- Born: 27 February 1946 Tel Aviv, Mandatory Palestine
- Died: 30 June 2011 (aged 65) Tel Aviv, Israel
- Genres: World; Musical theatre;
- Occupations: Singer; actress;
- Instrument: Vocals
- Years active: 1966–2011

= Dina Golan =

Israeli singer and actress (1946–2011)

Dina Golan (דינה גולן; 27 February 1946 – 30 June 2011) was an Israeli singer and actress.

==Biography==
In the early stages of her career, Golan was chosen among 300 participants to take part in an all-female vocalist group during the mid 1960s and with them, she performed at the Song & Chorus Festival in 1966 and recorded several songs originally recorded by artists such as Nurit Hirsh, Yaakov Rotblit and Ehud Manor. She eventually left the group.
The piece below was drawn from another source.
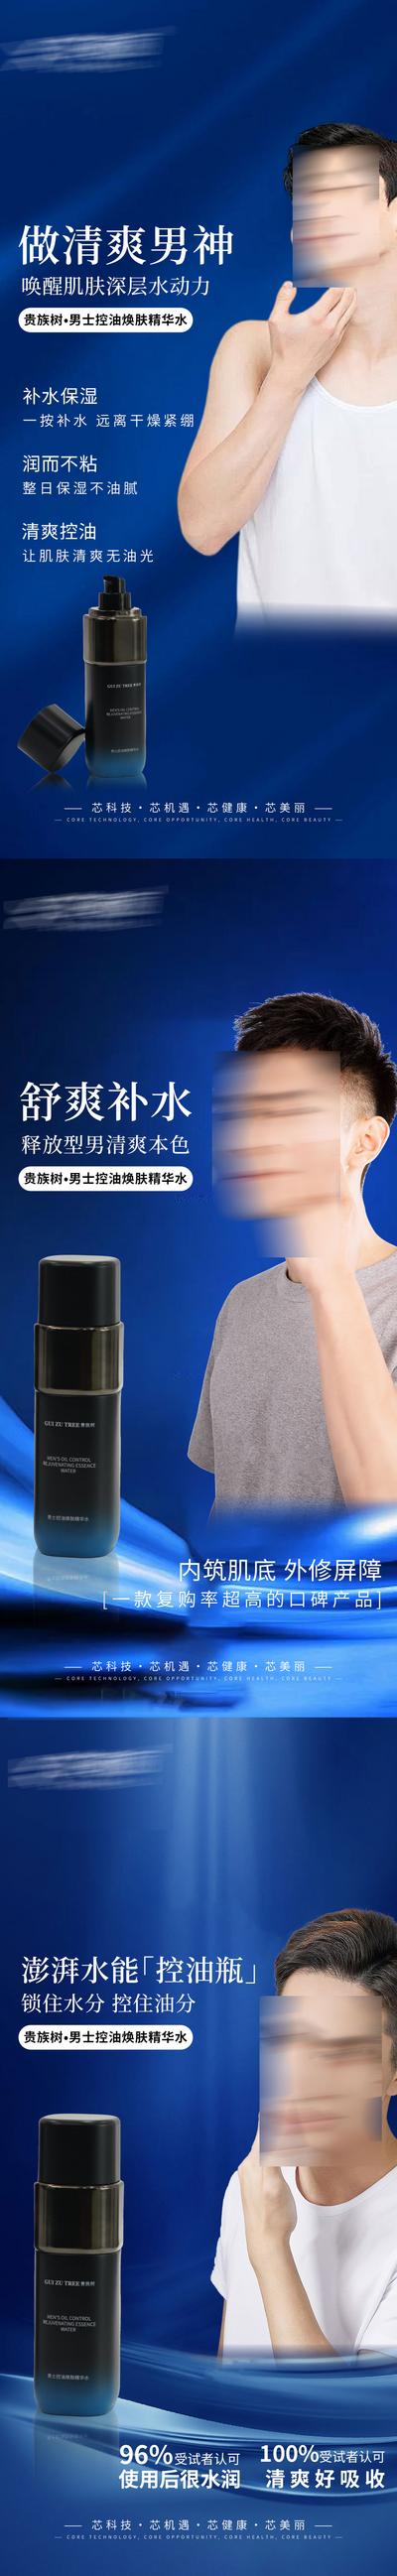 南门网 广告 海报 微商 护肤品 精华水乳 宣传 补水 嫩肤 水乳 爽肤水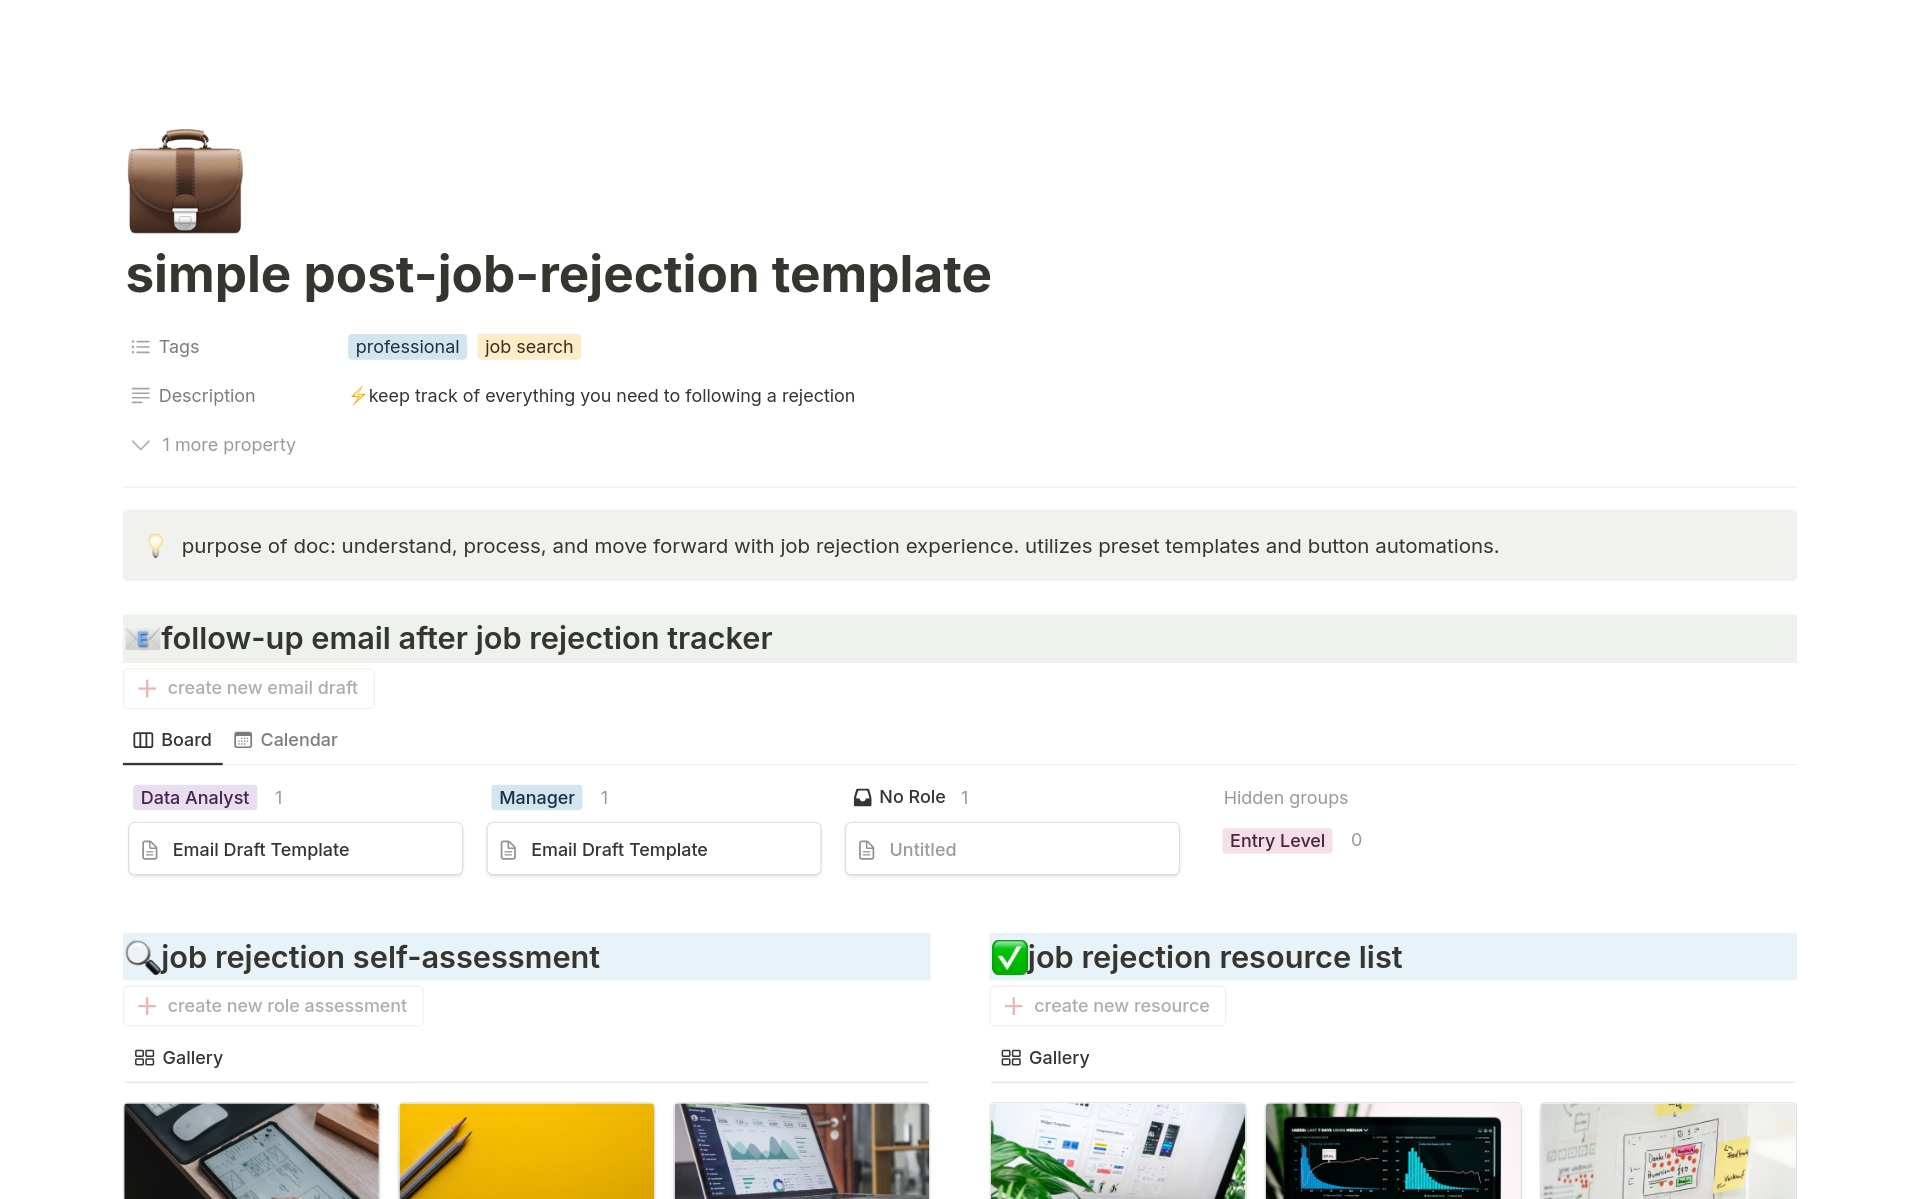 Vista previa de una plantilla para simple post-job-rejection tracker

In 1970, Golan moved to Australia and performed for Jewish communities, which were very well received and got her attention from the media. After returning to Israel, Golan performed at the Hassidic Song Festival dressed in Australian attire. She then took to starring in the musical theatre. Among her most popular stage performances was in the stage adaptation of The Travels of Benjamin III, in which she sang the songs written by Naomi Shemer. She also starred in Les Misérables at the Cameri Theatre. Other stage adaptations included Fiddler on the Roof, The Sound of Music, Kazablan, A Streetcar Named Desire and many other plays and musicals throughout her career.

On screen, Golan appeared on some episodes of the children's television shows Bli Sodot and BeSod HaYinyanim. She also appeared in numerous commercials to promote Burgeranch and she appeared in a PSA alongside Ronit Elkabetz to speak about poultry consumption in India. In 1982, Golan appeared in the film Dead End Street.

In 1997, Golan provided the Hebrew voice of Thalia the Muse of Comedy in the Disney animated film Hercules. By the 21st century, she appeared in further musical production adaptations which include Annie among others.

===Personal life===
Golan had two children, Noa and Omar. Through Noa, she also had three granddaughters.

==Death==
Golan died after suffering from cancer on 30 June 2011, at the age of 65.